20. Common Anti-Patterns
Avoid:
- printing secret values in terminal, logs, screenshots, or incident notes
- assuming Git value equals runtime value
- assuming Secret update restarts pods
- changing ConfigMap manually in production while GitOps owns it
- using
optional: trueto hide missing required config - mixing image rollout and large config change without marker
- rotating credentials without overlap window
- using same secret names for different environments without clear boundary
- embedding environment-specific endpoint in base manifest
- reviewing Helm chart template but not rendered output
- using pod restart as permanent fix without identifying drift source
- rolling back app version without checking secret/database compatibility
21. Summary
Secret and ConfigMap drift is a configuration-state failure, not merely a Kubernetes object issue.
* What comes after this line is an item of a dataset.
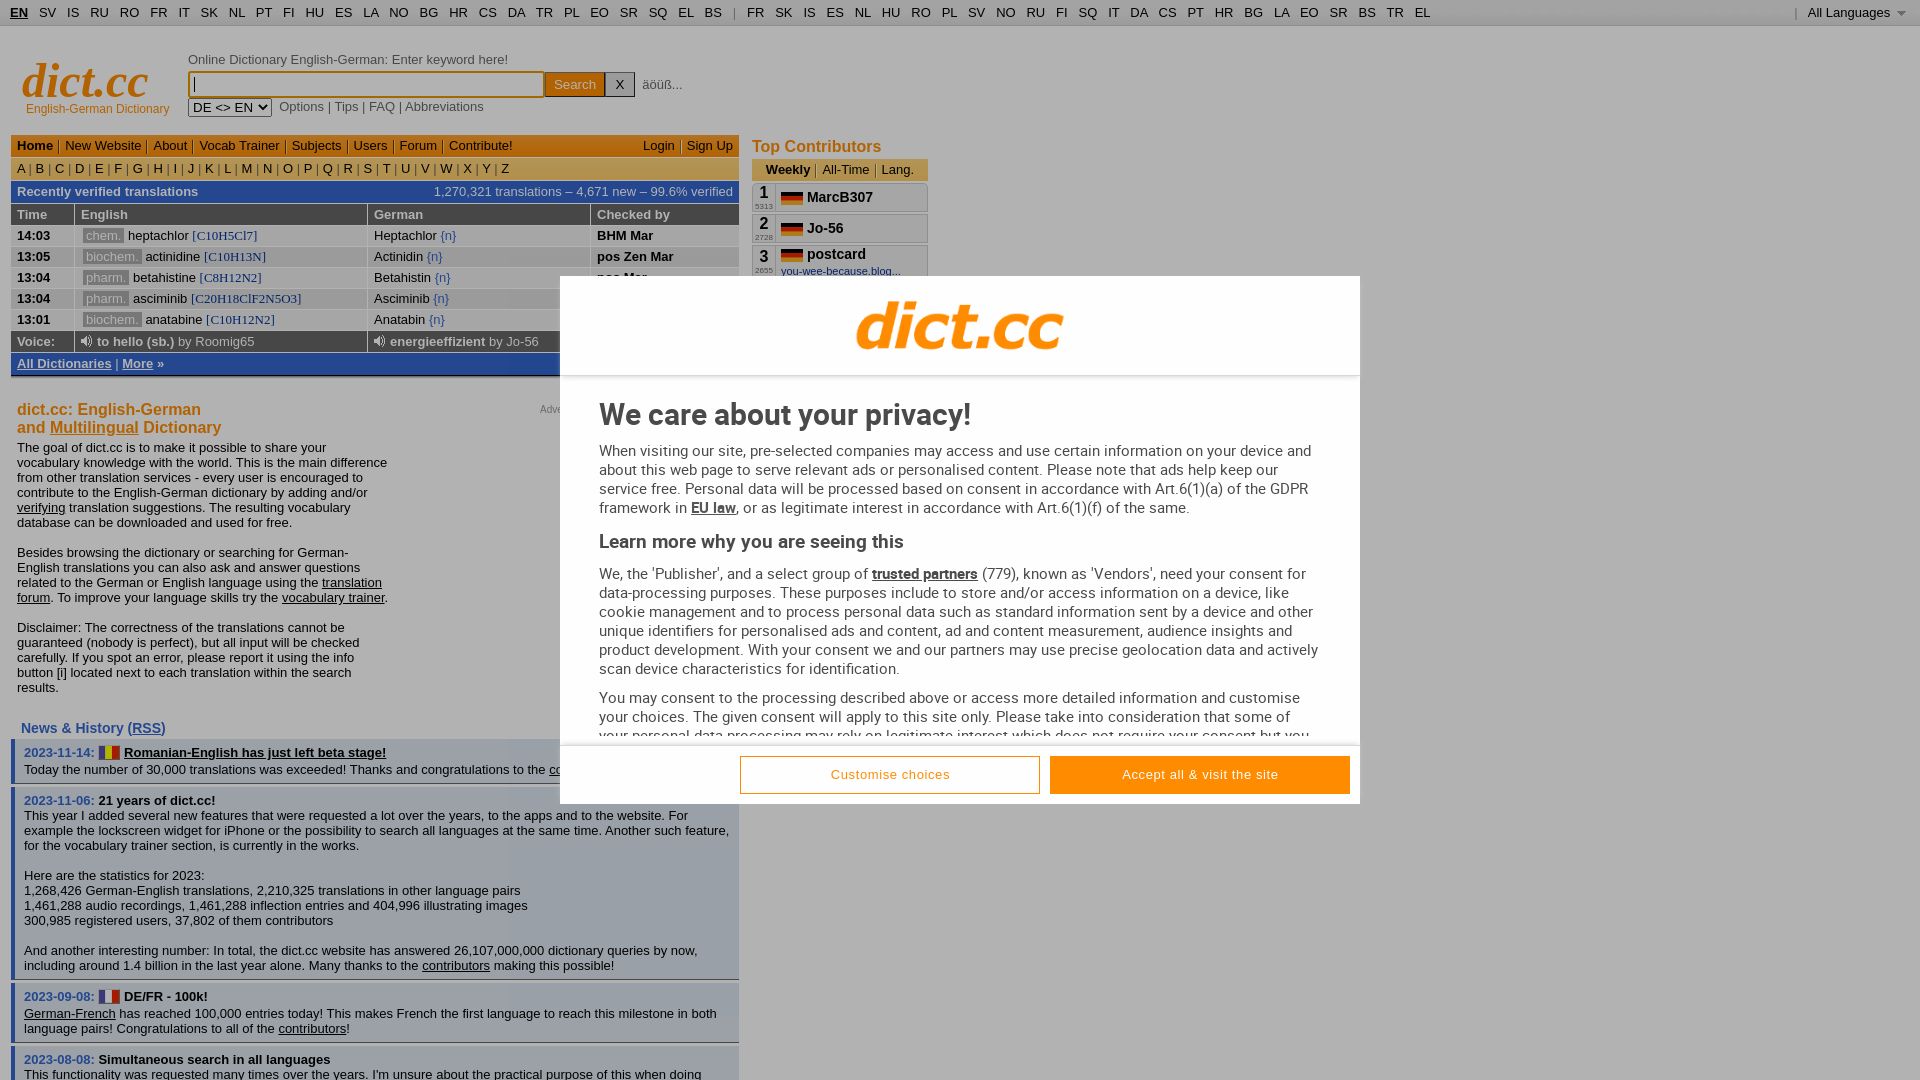 Status do site dict.cc está   ONLINE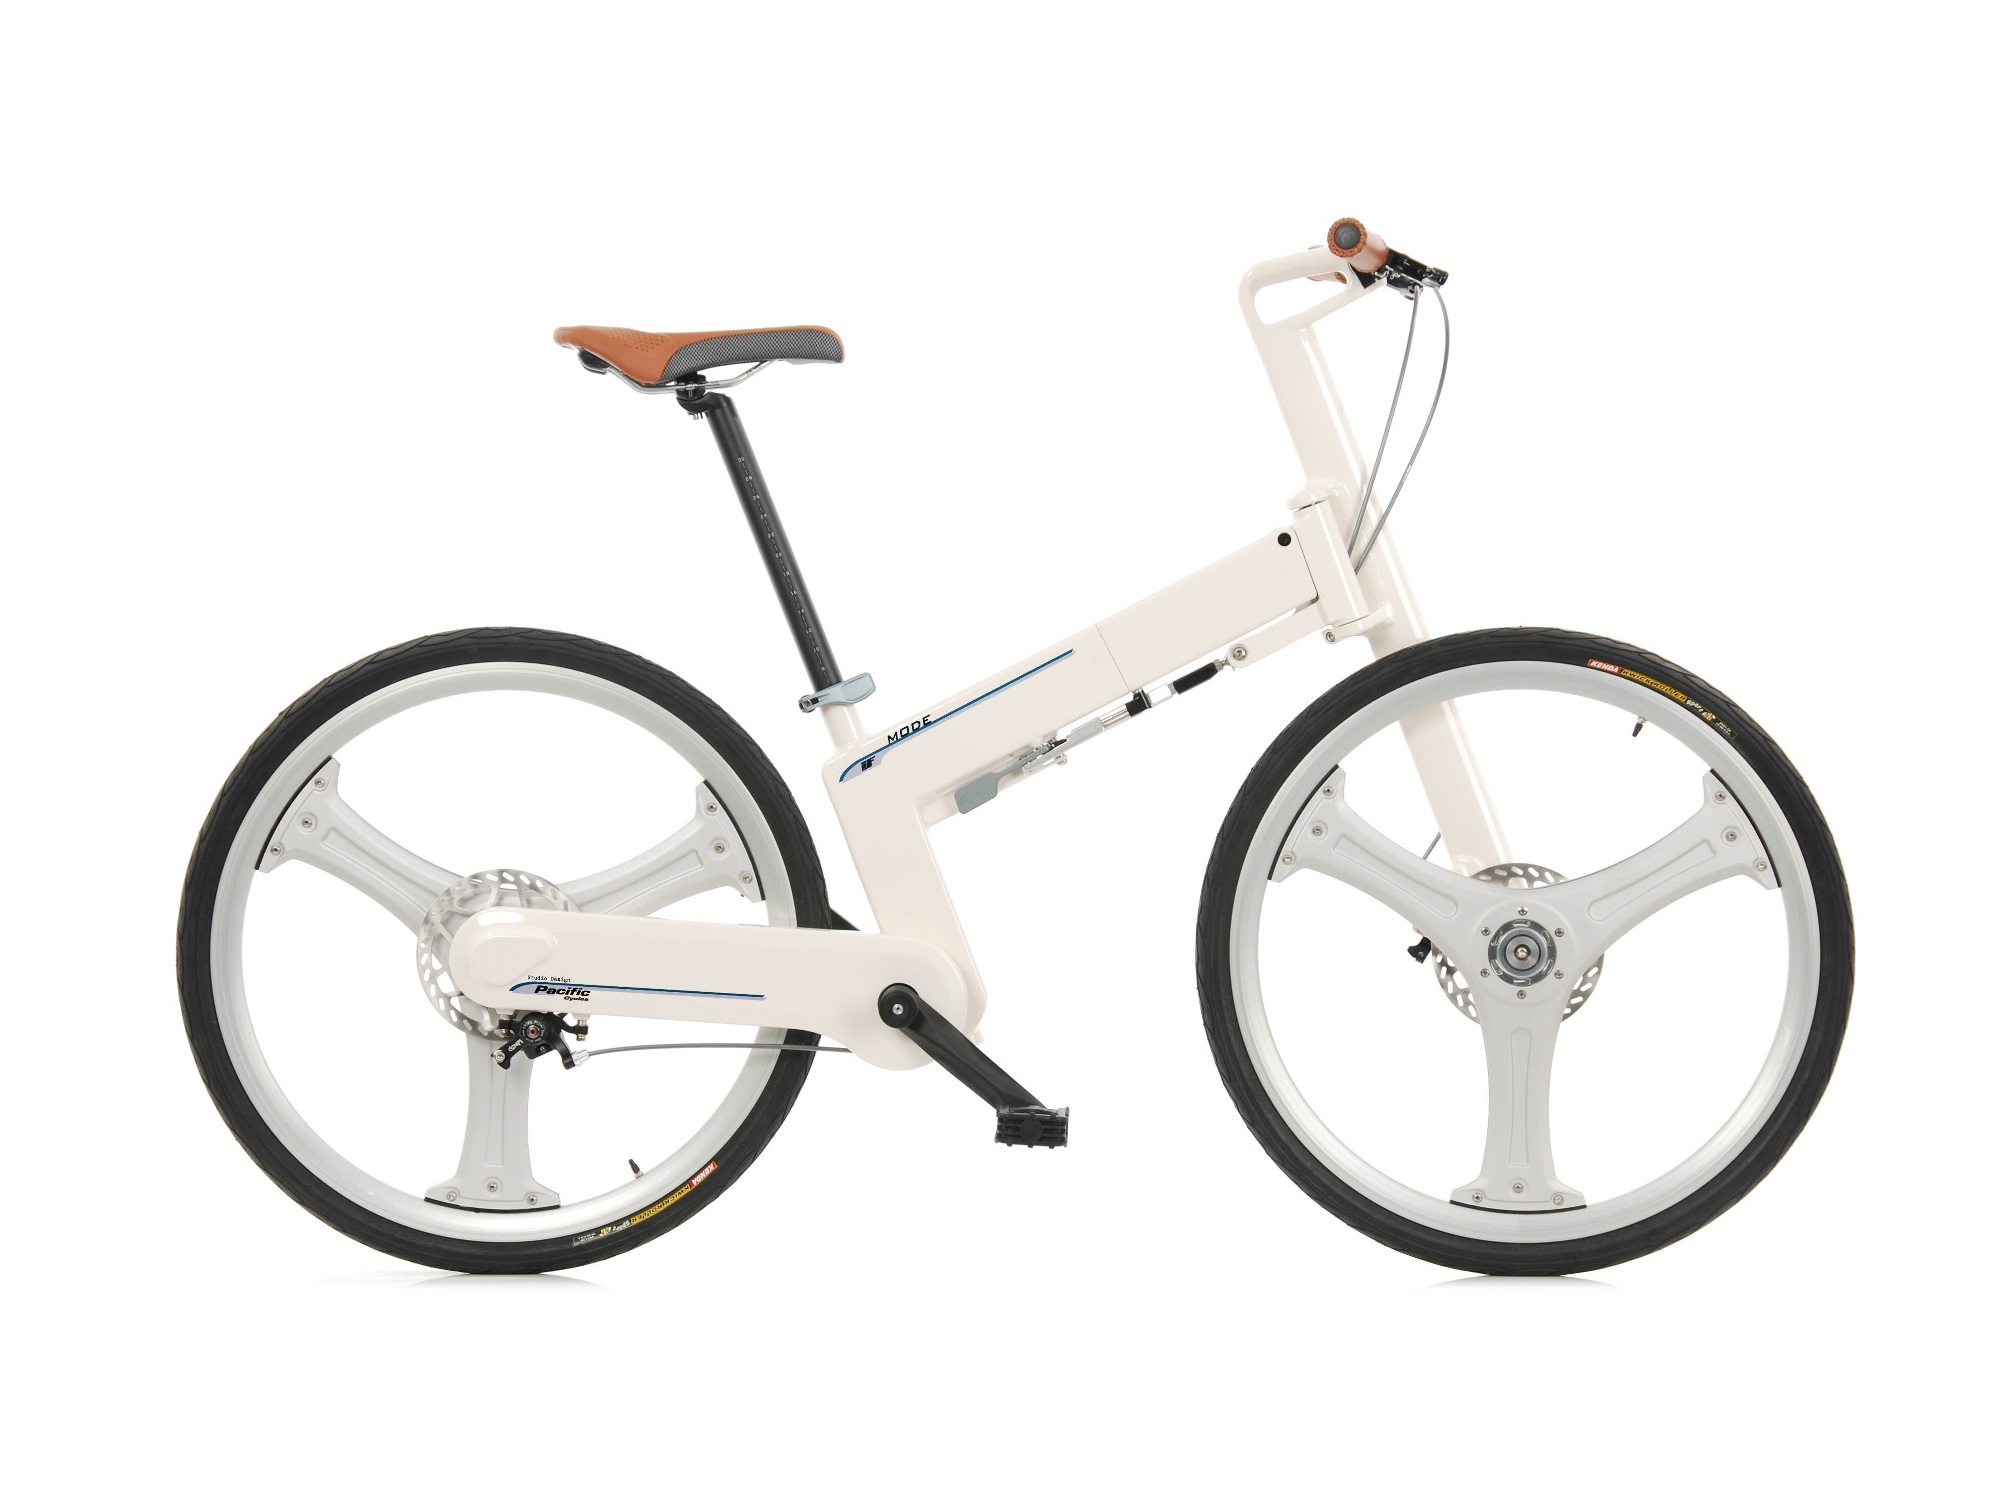 Велосипед для роста 140 см. Велосипед if model Folding Bike. Велосипед с вальным приводом Mifa. Складной велосипед Хаммер. Paratrooper Swissbike x50.

A disciplined debugging flow is:
Source of truth -> rendered manifest -> GitOps/apply -> live object -> pod spec reference -> runtime consumption -> application behavior
For backend engineers, mastery means:
- identifying whether failure is missing, wrong, stale, or not reloaded config
- debugging Secret safely without leaking values
- understanding env var vs volume mount behavior
- connecting Java/JAX-RS startup and dependency failures to config source
- verifying GitOps sync and rendered manifest
- knowing when restart, rollback, sync, config fix, secret rotation, or escalation is appropriate
- reviewing PRs for config lifecycle and runtime compatibility
In Kubernetes production operations, configuration is part of the runtime contract. A one-line config change can be as risky as a code deployment.